Here is a working configuration: (please note that apiVersion has changed since the question has been asked)
Ingress configuration
ingress-service.yaml
apiVersion: networking.k8s.io/v1
kind: Ingress
metadata:
annotations:
kubernetes.io/ingress.class: nginx
nginx.ingress.kubernetes.io/ssl-redirect: "true"
nginx.ingress.kubernetes.io/force-ssl-redirect: "true"
nginx.ingress.kubernetes.io/use-regex: "true"
nginx.ingress.kubernetes.io/proxy-body-size: "64m"
cert-manager.io/cluster-issuer: "letsencrypt-prod"
name: ingress-service
namespace: default
spec:
tls:
- hosts:
- example.com
secretName: letsencrypt-prod
rules:
- host: example.com
http:
paths:
- backend:
service:
name: app-sockets-cluster-ip-service
port:
number: 3003
path: /app-sockets/?(.*)
pathType: Prefix
On the service (Express.js):
app.js
const redisAdapter = require('socket.io-redis');
const io = require('socket.io')(server, {
path: `${ global.NODE_ENV === 'development' ? '' : '/app-sockets' }/sockets/`,
cors: {
origin: '*',
methods: ['GET', 'POST'],
},
});
io.adapter(redisAdapter({
host: global.REDIS_HOST,
port: 6379,
}));
io.of('/').adapter.on('error', err => console.log('Redis Adapter error! ', err));
io.on('connection', () => {
//...
});
The global.NODE_ENV === 'development' ? '' : '/app-sockets' bit is related to an issue in development.
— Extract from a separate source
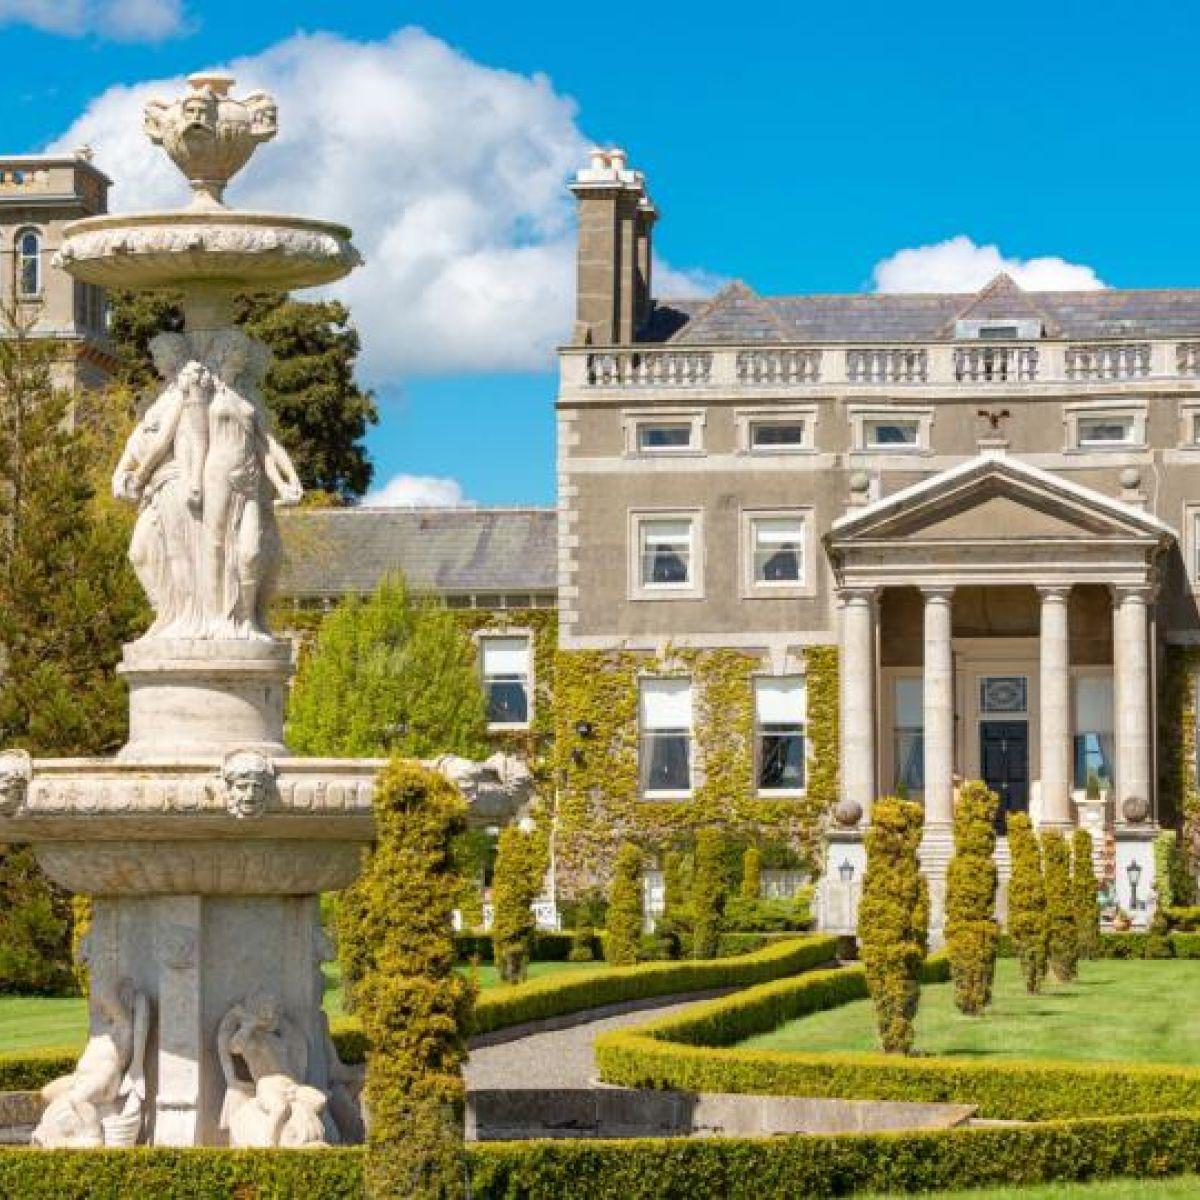 Corballis Golf Links in Donabate, County Dublin, Ireland   Golf

If you change it here, you must also change it in the snippet below.
In development the service is under http://localhost:3003 (sockets endpoint is http://localhost:3003/sockets).
In production the service is under https://example.com/app-sockets (sockets endpoint is https://example.com/app-sockets/sockets).
On frontend
connectToWebsocketsService.js
/**
* Connect to a websockets service
* @param tokens {Object}
* @param successCallback {Function}
* @param failureCallback {Function}
*/
export const connectToWebsocketsService = (tokens, successCallback, failureCallback) => {
//SOCKETS_URL = NODE_ENV === 'development' ? 'http://localhost:3003' : 'https://example.com/app-sockets'
const socket = io(`${ SOCKETS_URL.replace('/app-sockets', '') }`, {
path: `${ NODE_ENV === 'development' ? '' : '/app-sockets' }/sockets/`,
reconnect: true,
secure: true,
transports: ['polling', 'websocket'], //required
query: {
// optional
},
auth: {
...generateAuthorizationHeaders(tokens), //optional
},
});
socket.on('connect', successCallback(socket));
socket.on('reconnect', successCallback(socket));
socket.on('connect_error', failureCallback);
};
Note: I wasn't able to do it on the project mentioned in the question, but I have on another project which is hosted on EKS, not GKE. Feel free to confirm if this works for you on GKE as well.